*** Given data

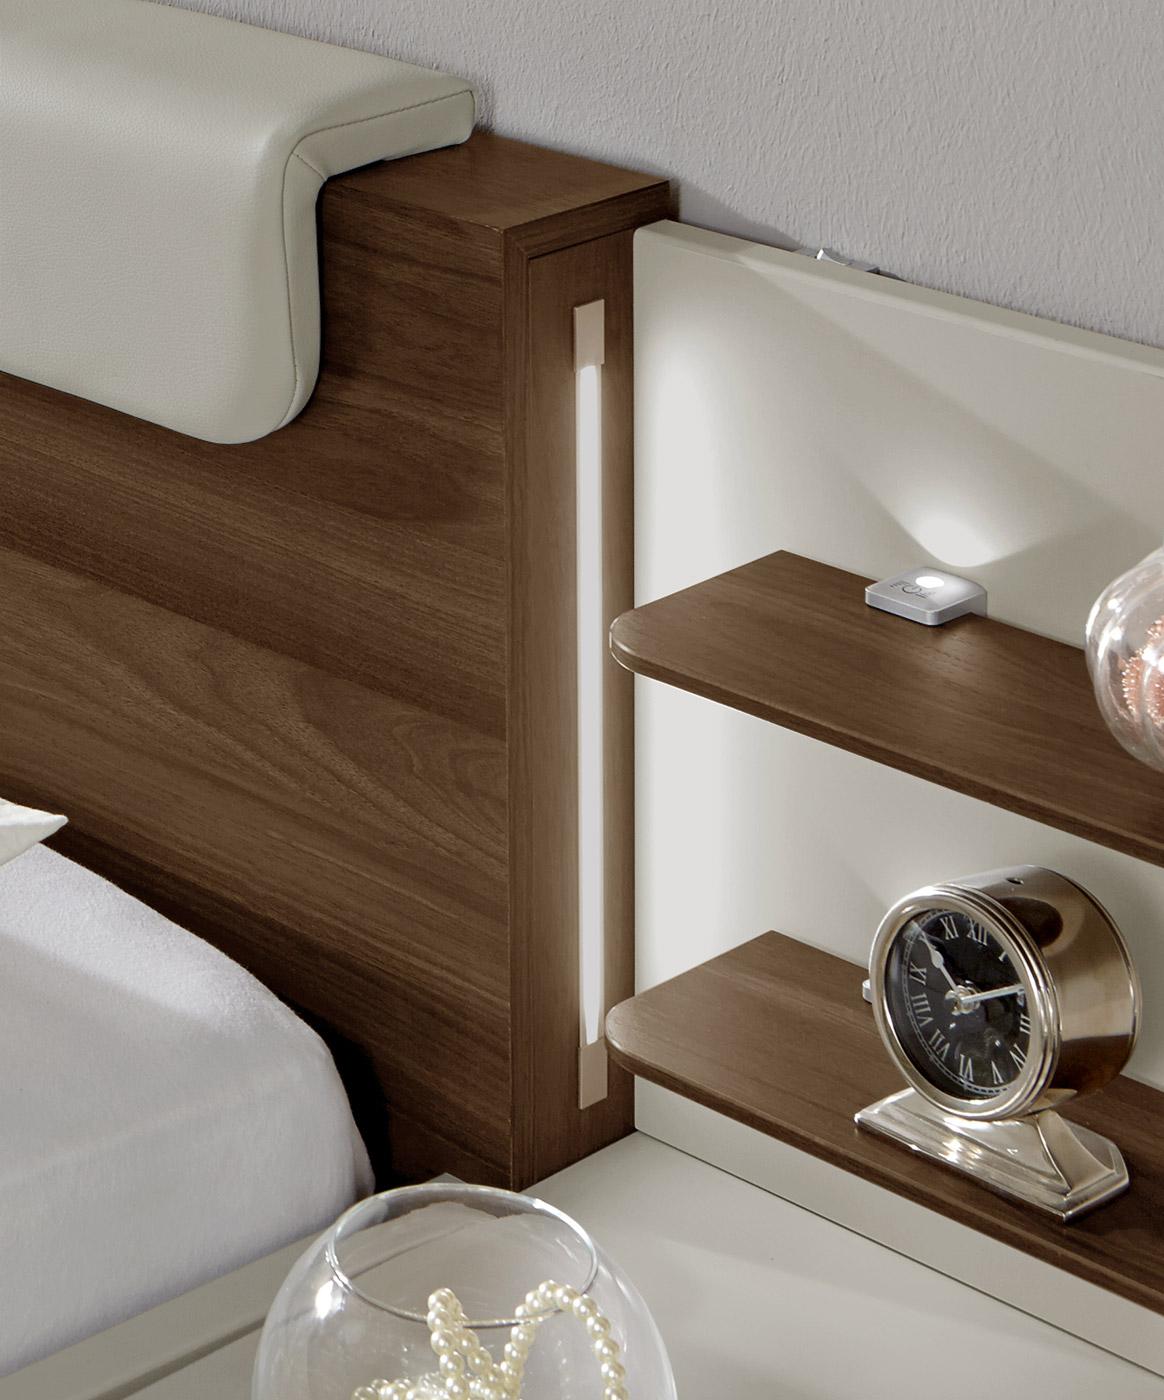 bett mit beleuchtung thema bett mit beleuchtung with bett. Black Bedroom Furniture Sets. Home Design Ideas
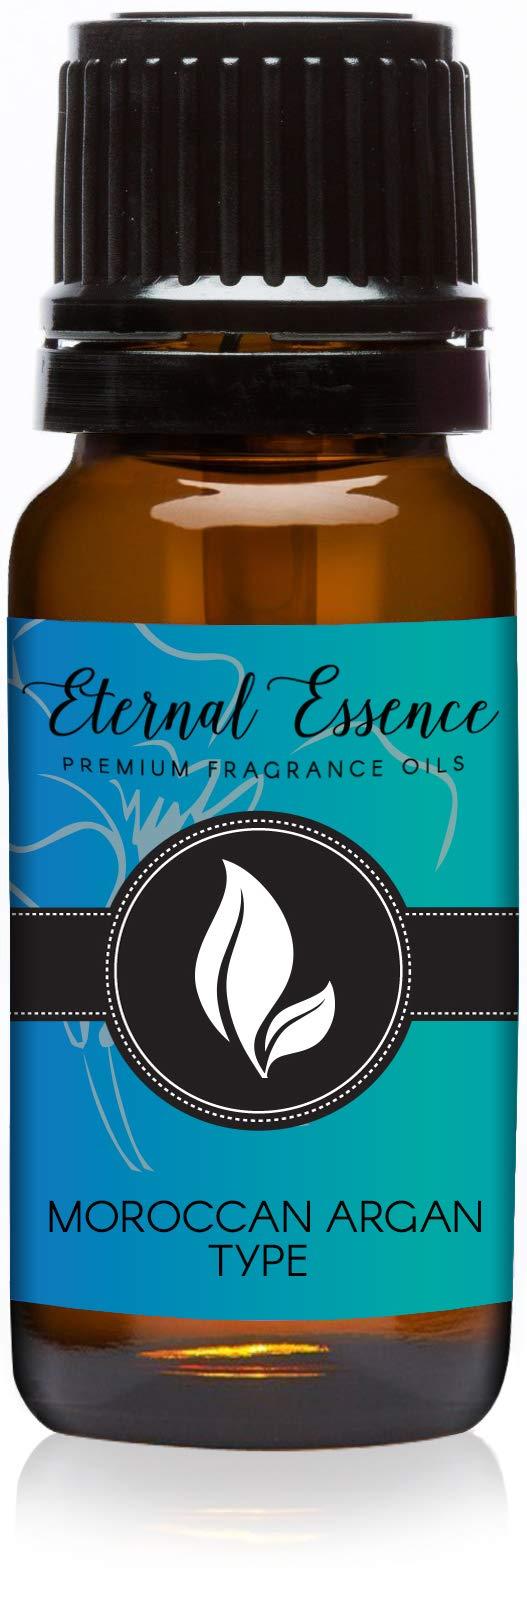 Moroccan Argan Type - Premium Grade Fragrance Oils - 10ml - Scented Oil
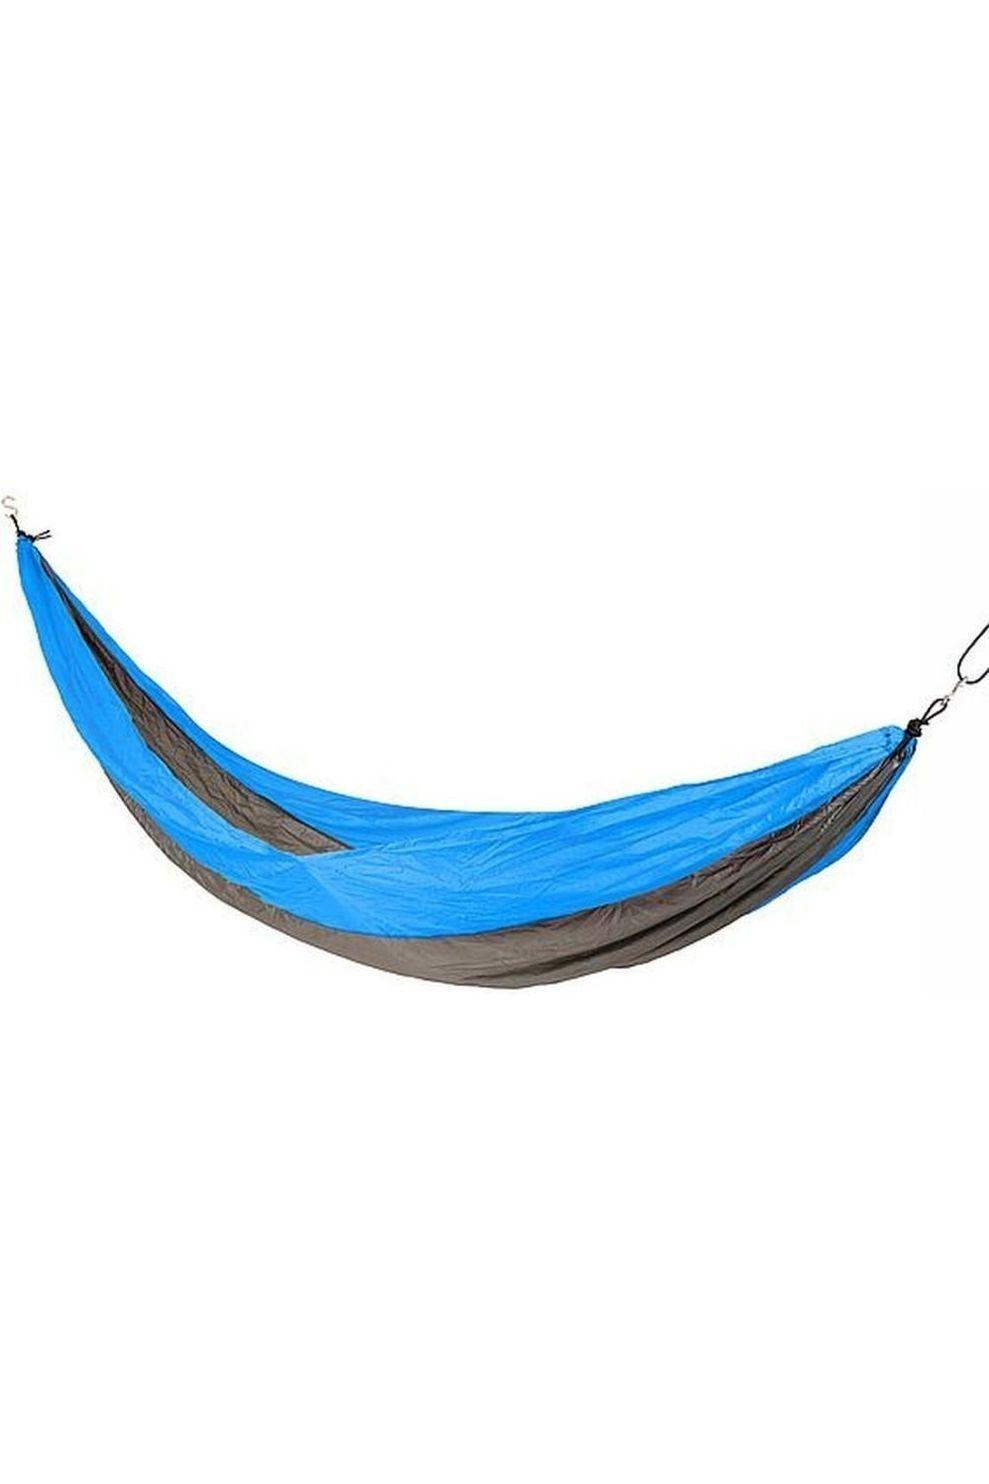 Bo-Camp Hangmat Parachute Hover - Blauw/Grijs

******

_Activity_
Return the data verbatim, leaving out the pictures it holds.

_Solution_
 bett mit beleuchtung thema bett mit beleuchtung with bett. Black Bedroom Furniture Sets. Home Design Ideas
 Moroccan Argan Type - Premium Grade Fragrance Oils - 10ml - Scented Oil
 Bo-Camp Hangmat Parachute Hover - Blauw/Grijs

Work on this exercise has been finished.